New Internationalist

Living (and lying for) the American Dream

Jose Antonio Vargas was 12 years old when his mother packed him off to the United States.

The Pulitzer Prize-winning journalist wrote in a gripping confession for The New York Times about the day his mother woke him up and put him in a cab to the airport. She handed him a jacket to protect him from the cold weather, and sent him out of the Phillippines to get the chance of a better life.

It was the start of his journey as an undocumented immigrant, marked by anxiety and backed by an intricate web of lies.

Vargas outed himself as 'illegal' last week. There is no news yet as to how US authorities will treat his case. The possibilities are countless – he may be put in jail, deported or given a rare amnesty by the Obama administration.

Reading his story reminded me how bad the situation has become.

Back here at home, at the Philippines’ main airport, throngs of Filipinos continue to send off their loved ones to different corners of the world every day. Some use fake passports while others bribe immigration officials to get past the control gates. Most still do it legally, but the number of people who resort to illegal means to work overseas still runs into the millions.
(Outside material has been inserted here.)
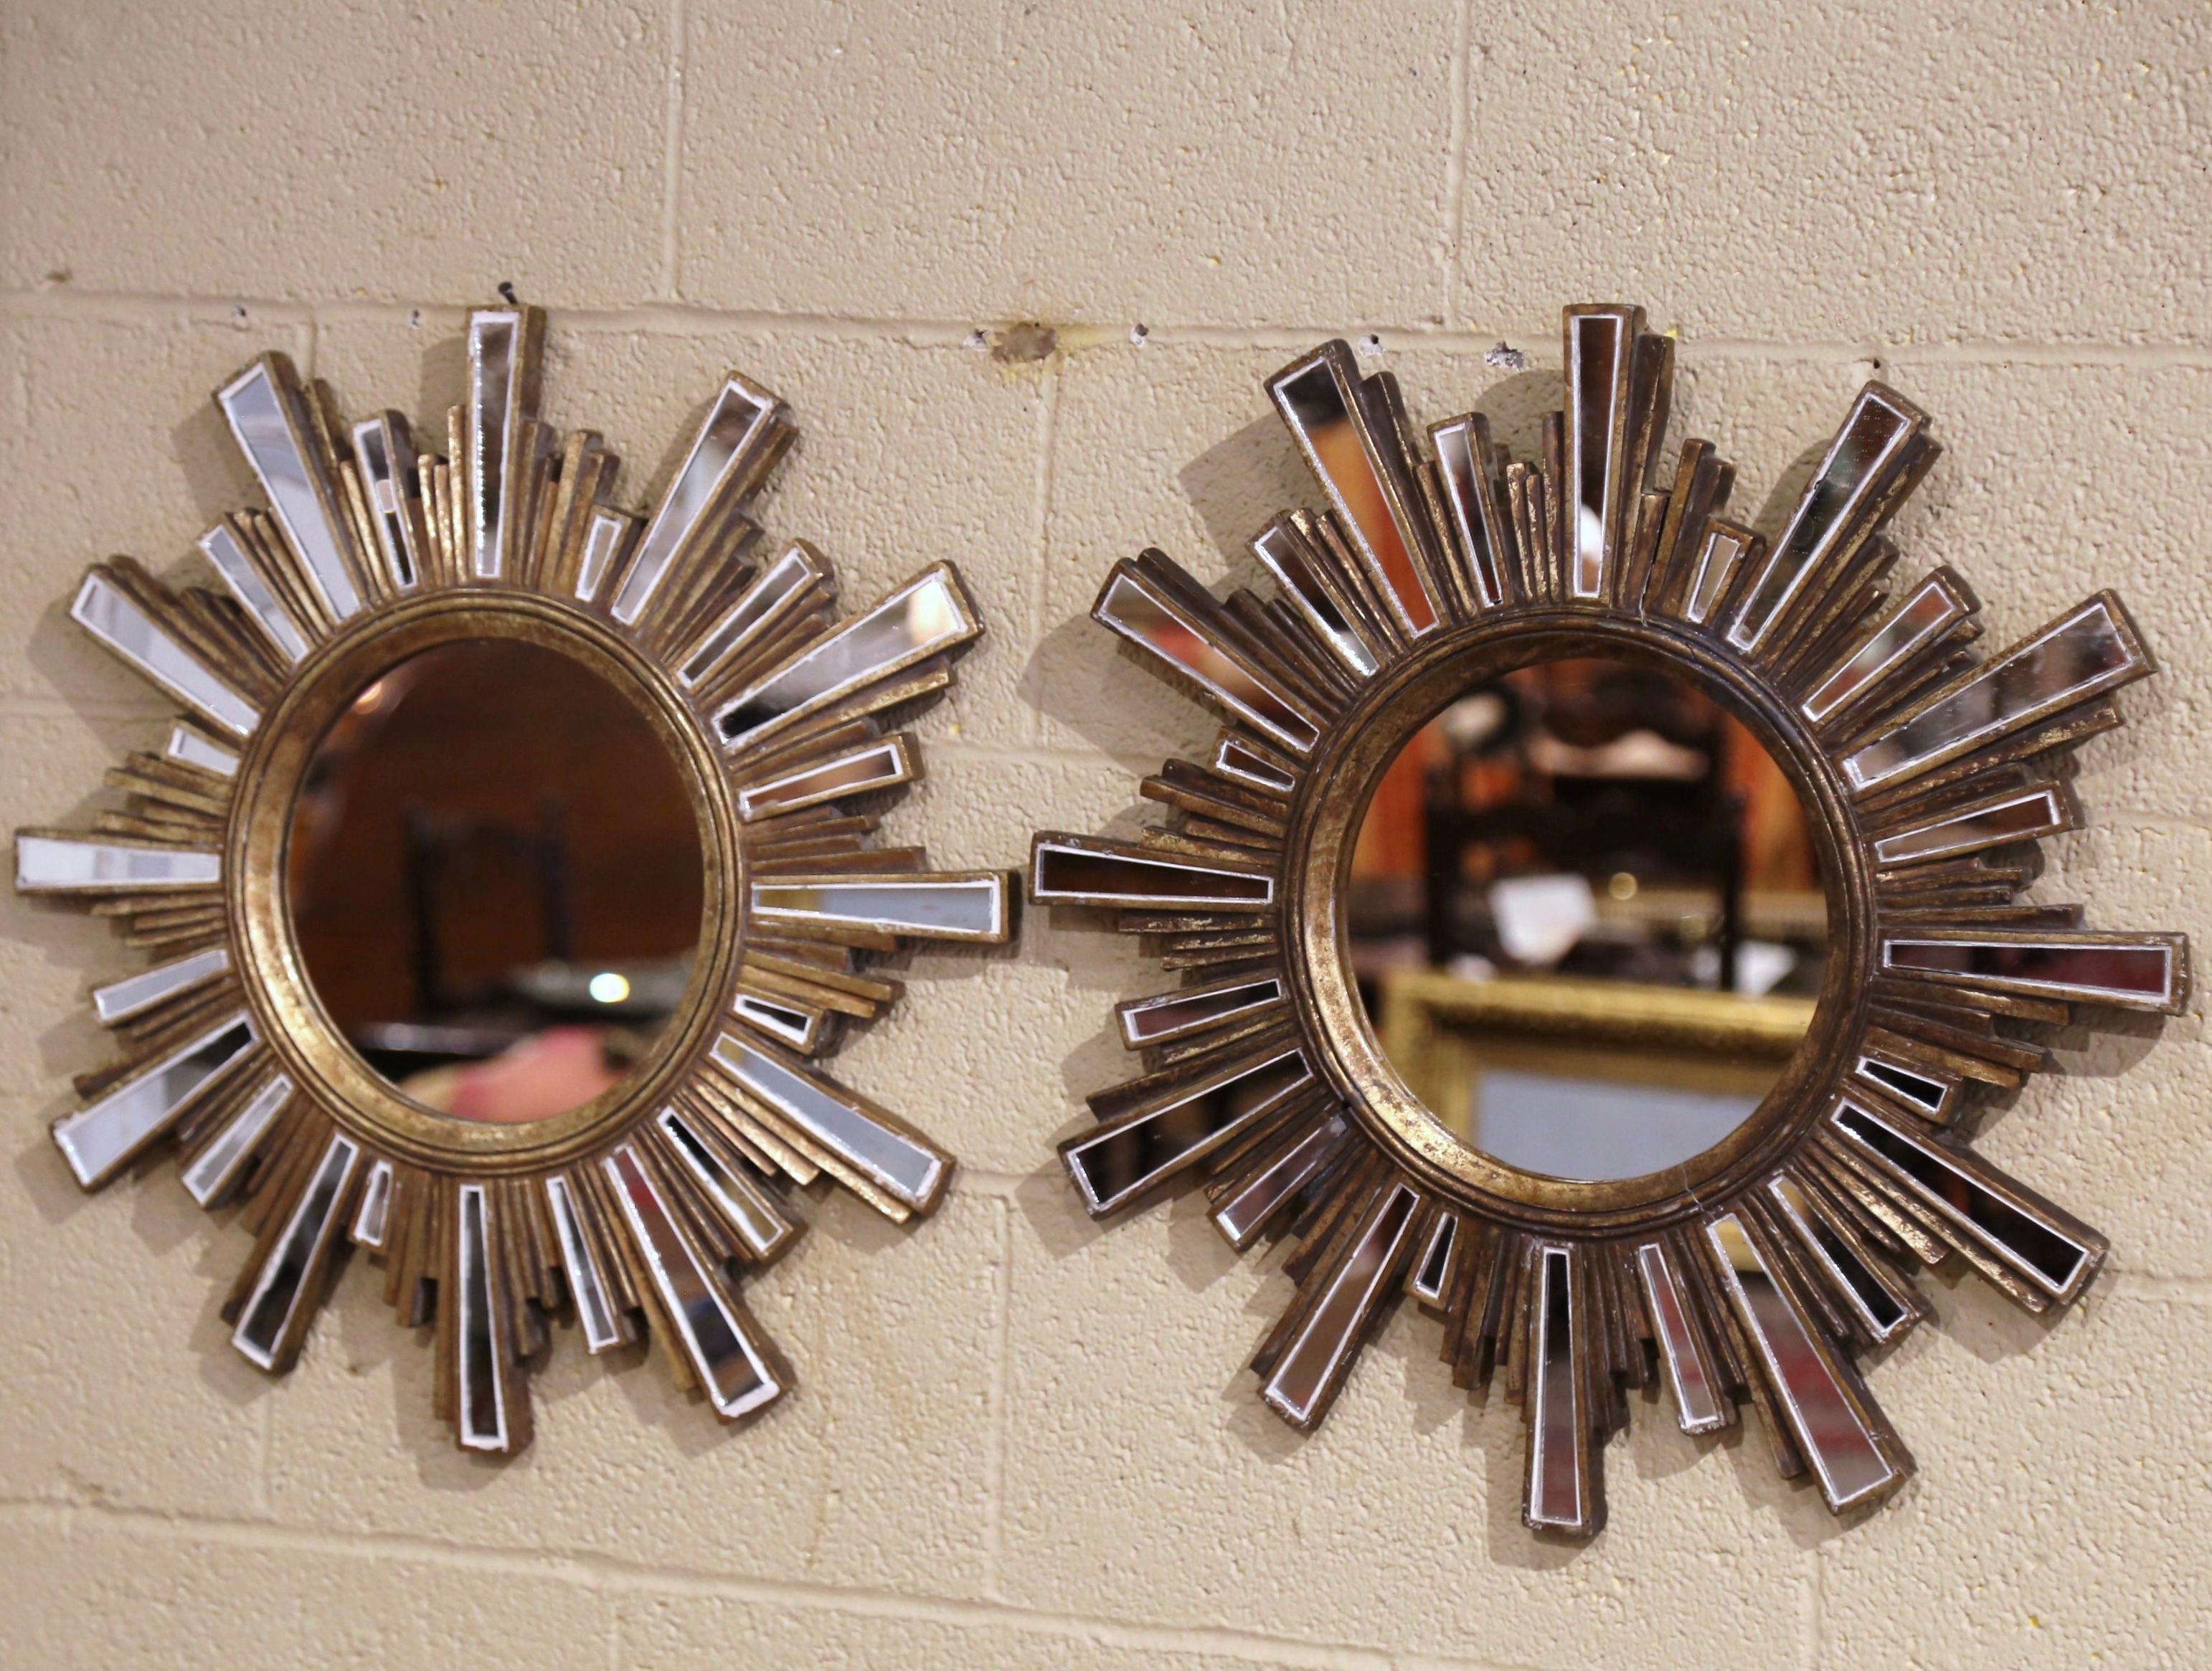 Dekorieren Sie einen Flur mit diesem eleganten Paar Sonnenspiegel. Um 1960 in Frankreich hergestellt, besteht jede Wanddekoration aus einem zentralen runden Spiegel, der von über 20 kleineren, handgeschnittenen Spiegeln mit unterschiedlichen

Some stories are worse than Vargas'. But their lives are as difficult and painful. I remember one incident back in my high school years, many moons ago. A classmate’s sister had died in a car accident.

Her morbid death was made more tragic by the fact that her mother could not make it to the funeral because she was toiling on American shores as an illegal immigrant. There was no way she could come home because she did not have the right papers. So she couldn't pay her last respects to her eldest child, or send her daughter to her final resting place.

Another story is that of a close friend who went to the United States in search of a better life for himself and his daughter. A famous actor over here, he opted instead to live an illegal immigrant’s life, going from one job to another. He worked as a carer, a truck driver and a domestic help.

At night, he would drink gin to drown out the pain of his reduced circumstances.

This is the reality of Filipinos seeking better opportunities to feed their families. At home, they’re called heroes by the same government whose inefficiency has forced them to leave their loved ones in the first place.

They are heroes indeed for a government whose actions are far from heroic.